Pinemeter handles local provider credential material, including Claude session keys, optional ChatGPT session cookies, and optional Gemini API keys. Please report credential handling, privacy, or vulnerability concerns privately rather than opening a public issue.
Use the private reporting path for issues such as:
- Raw provider credentials, cookies, tokens, API keys, or request headers being logged, displayed, exported, or written outside the intended secure storage boundary.
- Keychain storage, access-control, or credential repair behavior that could expose another account's provider material.
- Browser import behavior that reads more data than needed for the selected provider.
- Diagnostics, screenshots, crash logs, or issue templates that could encourage users to disclose secrets.
- A reproducible vulnerability in the app, release artifacts, or update/distribution process.
If GitHub private vulnerability reporting is enabled for this repository, use Security advisories > Report a vulnerability.
If private vulnerability reporting is unavailable, contact the maintainer using the repository owner's published GitHub contact path and include Pinemeter security report in the subject or first line.

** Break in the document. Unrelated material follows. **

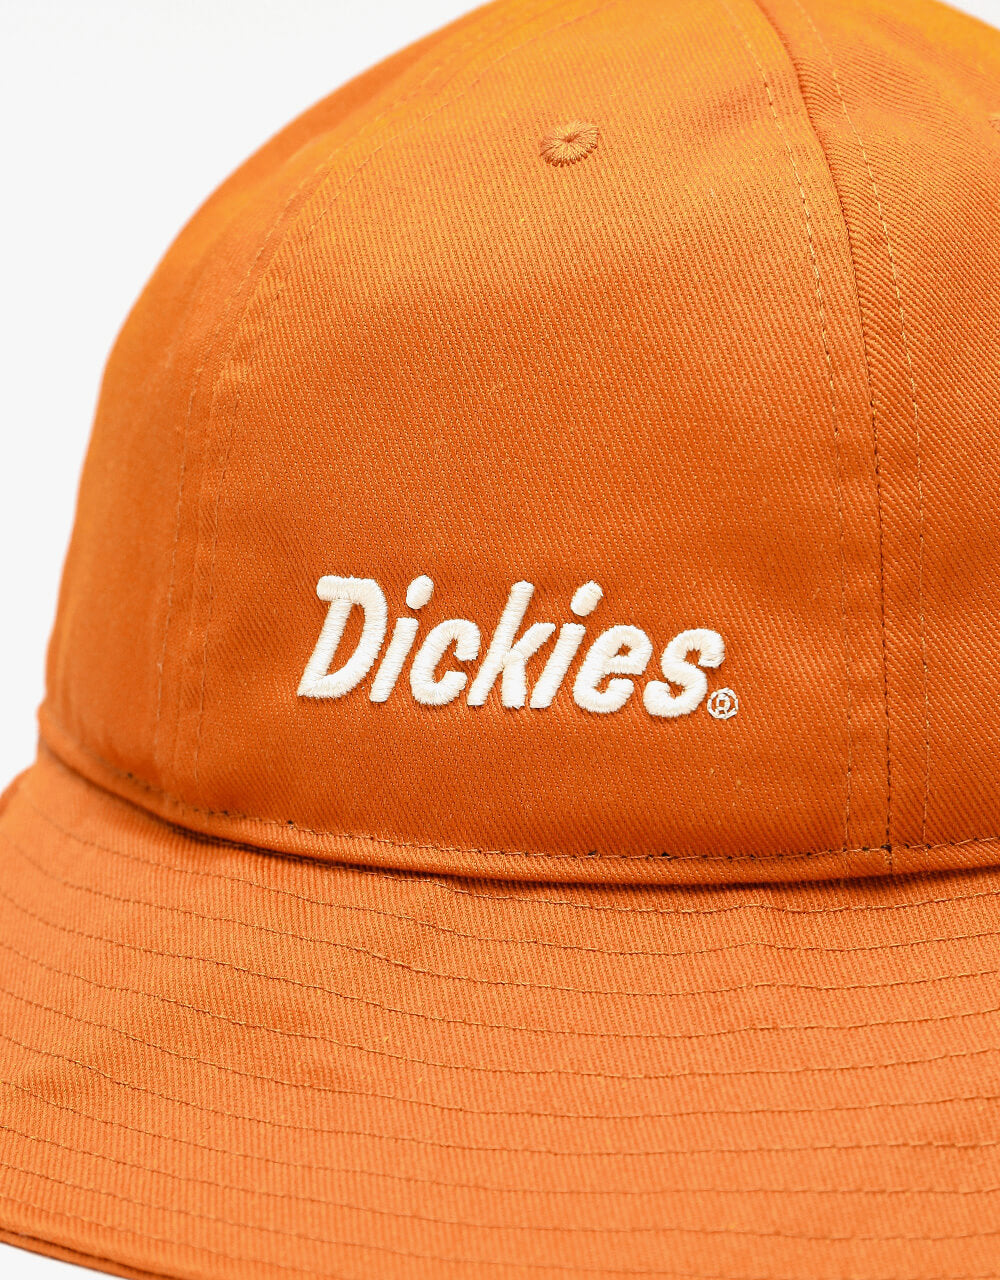 Dickies Bettles Bucket Hat - Pumpkin Spice

Do not include working secrets in the first message.
Please include sanitized details only:
- Pinemeter version or commit SHA.
- macOS version and Mac architecture.
- Provider affected: Claude, ChatGPT, Gemini, browser import, release signing, or app-wide.

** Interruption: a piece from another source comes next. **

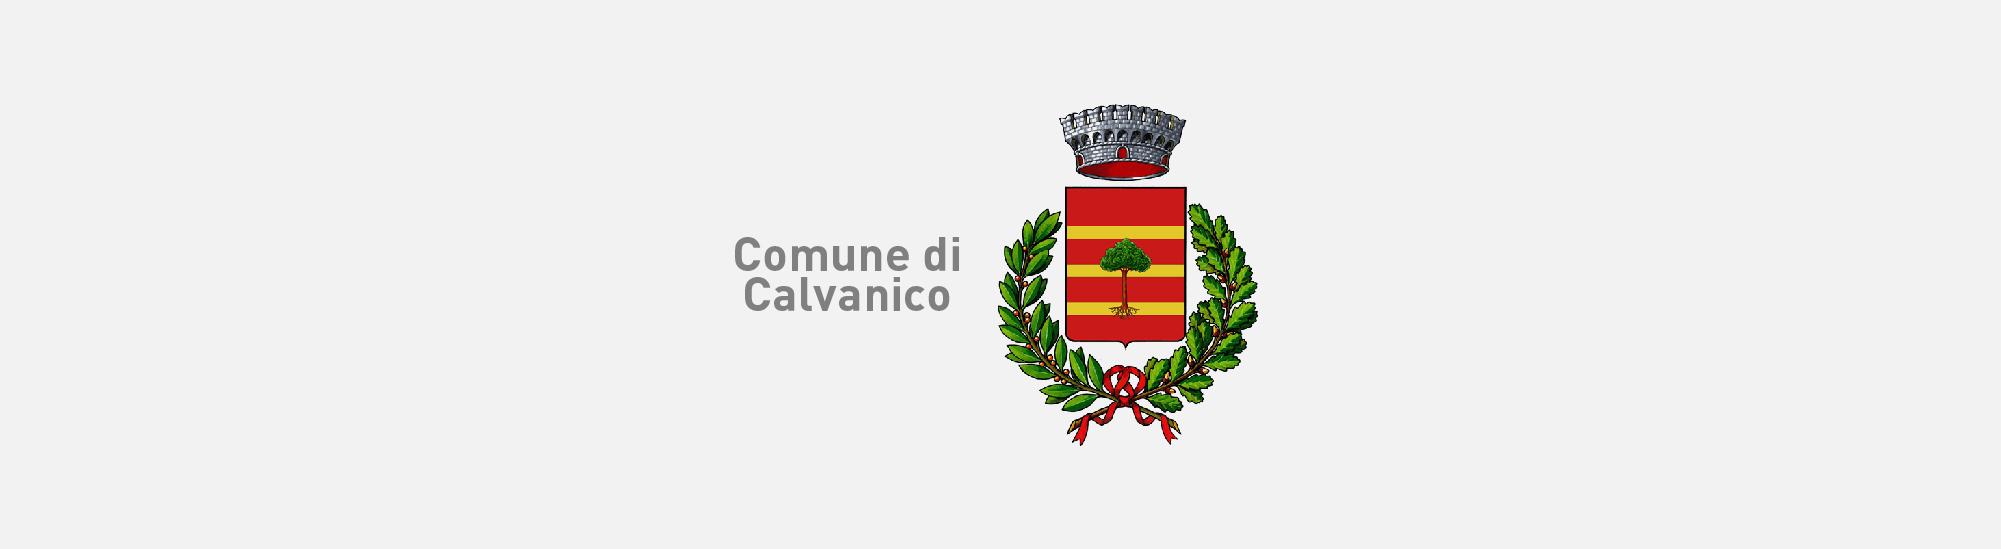 Header Comune Calvanico

- Reproduction steps using dummy, expired, or redacted values.
- The observed impact and what secret or private data could be exposed.
- Any relevant sanitized logs, screenshots, or diagnostics.
Do not send real Claude session keys, ChatGPT cookies, Gemini API keys, Cookie headers, Authorization headers, browser cookie database files, or screenshots that expose account identifiers unless explicitly requested over a private channel.
For ordinary bugs and feature requests that do not involve sensitive material, use the GitHub issue templates. Public issues should include sanitized app status and reproduction details only.